- Date: 13 June 1964
- Venue: Merdeka Stadium, Kuala Lumpur
- Director: Junior Chamber of Malaya
- Entrants: 24
- Placements: 13
- Winner: Angela Filmer Selangor

= Miss Universe Malaysia 1964 =

2nd edition of Miss Universe Malaysia

Miss Malaysia 1964, the first edition of Miss Universe Malaysia pageant, was held on 13 June 1964 at the Merdeka Stadium, Kuala Lumpur. Angela Filmer of Selangor was crowned by the wife of then Minister of Agriculture and Co-operatives Malaysia, Tan Sri Khir Johari, Puan Khalsom Abdul Rahman at the end of the event.
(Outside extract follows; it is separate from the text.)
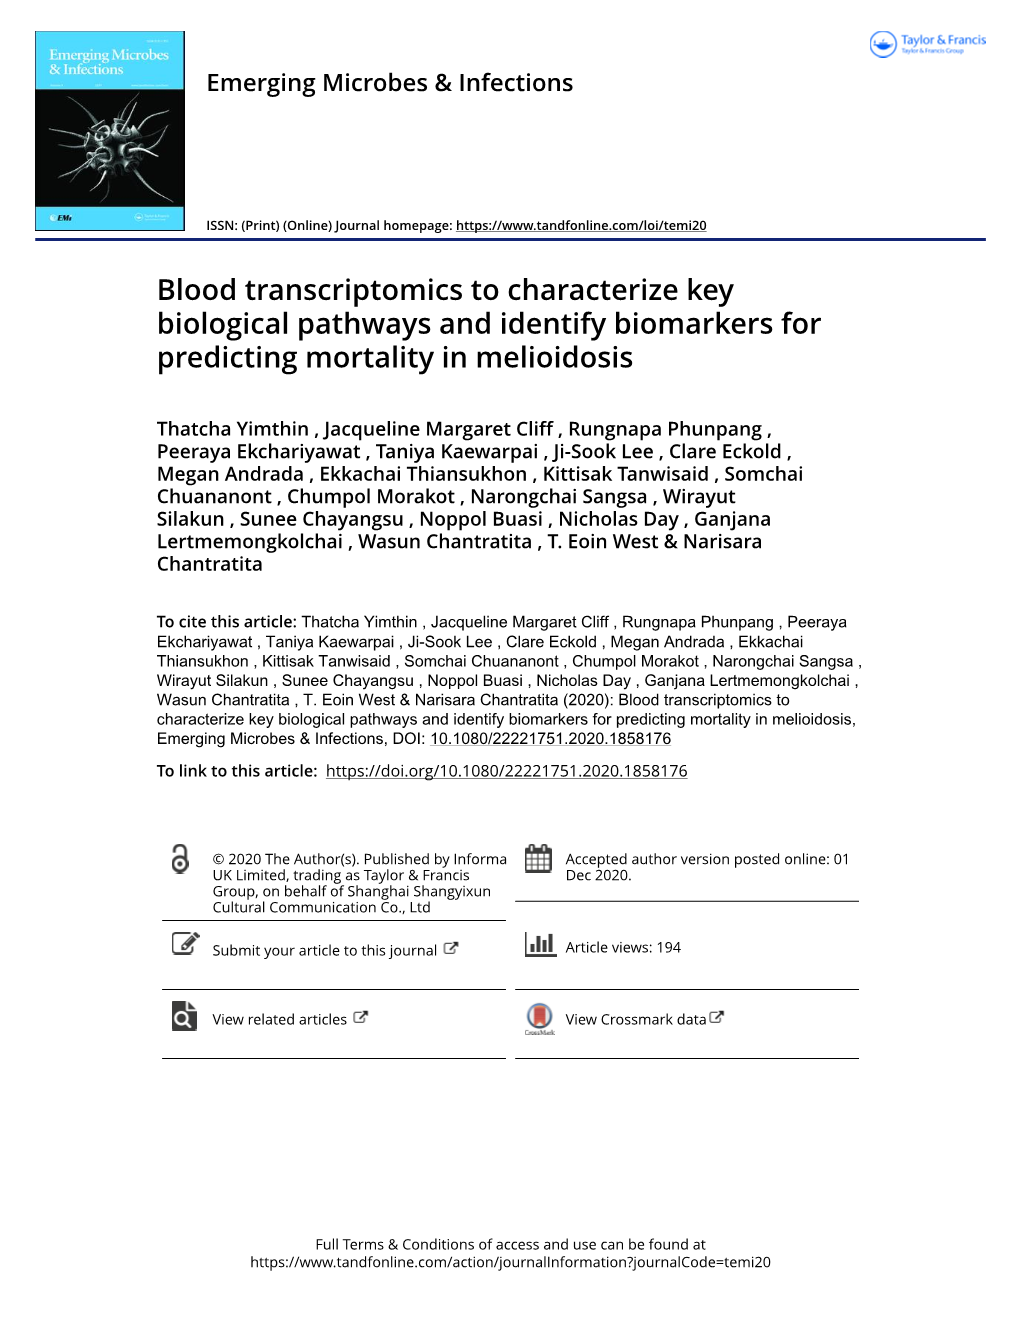 Blood Transcriptomics to Characterize Key Biological Pathways and Identify Biomarkers for Predicting Mortality in Melioidosis

She then represented Malaysia at the Miss Universe 1964 pageant in Miami, Florida.

==Results==

| Final Results | Contestants |
|---|---|
| Miss Malaysia 1964 | Selangor – Angela Filmer; |
| 1st Runner–Up | Singapore – Vera Wee; |
| 2nd Runner–Up | Perak – Leonie Foo; |
| Top 13 | Johore – Angeline Thio; Kedah/ Perlis – Lim Choon Mei; Kelantan – Rohani Mohamad Salleh; Melaka – Luciana Lai; Negri Sembilan – Margaret Choo; Pahang – Juriah Basir; Penang – Sally Lee; Trengganu – Susan Wright; |

== Delegates ==
24 delegates were participated in the semi-finalist but only 13 delegates was chosen to compete in the grand finale.
- Johore - Angeline Thio, 23
- Kedah/Perlis - Lim Choon Mei, 20
- Kelantan - Rohani Mohamad Salleh, 18
- Melaka - Luciana Lai, 18
- Negri Sembilan - Margaret Choo, 19
- Pahang - Juriah Basir, 20
- Penang - Sally Lee, 19
- Perak - Leonie Foo Saw Pheng, 19
- Sarawak - Habsah Hamdan, 18
- Selangor - Angela Filmer, 19
- Singapore - Vera Wee, 22
- Trengganu - Susan Wright, 17

== Notes ==

- The next following year, Filmer went on to become the first winner of the Miss Asia 1965 pageant which was held in the Philippines.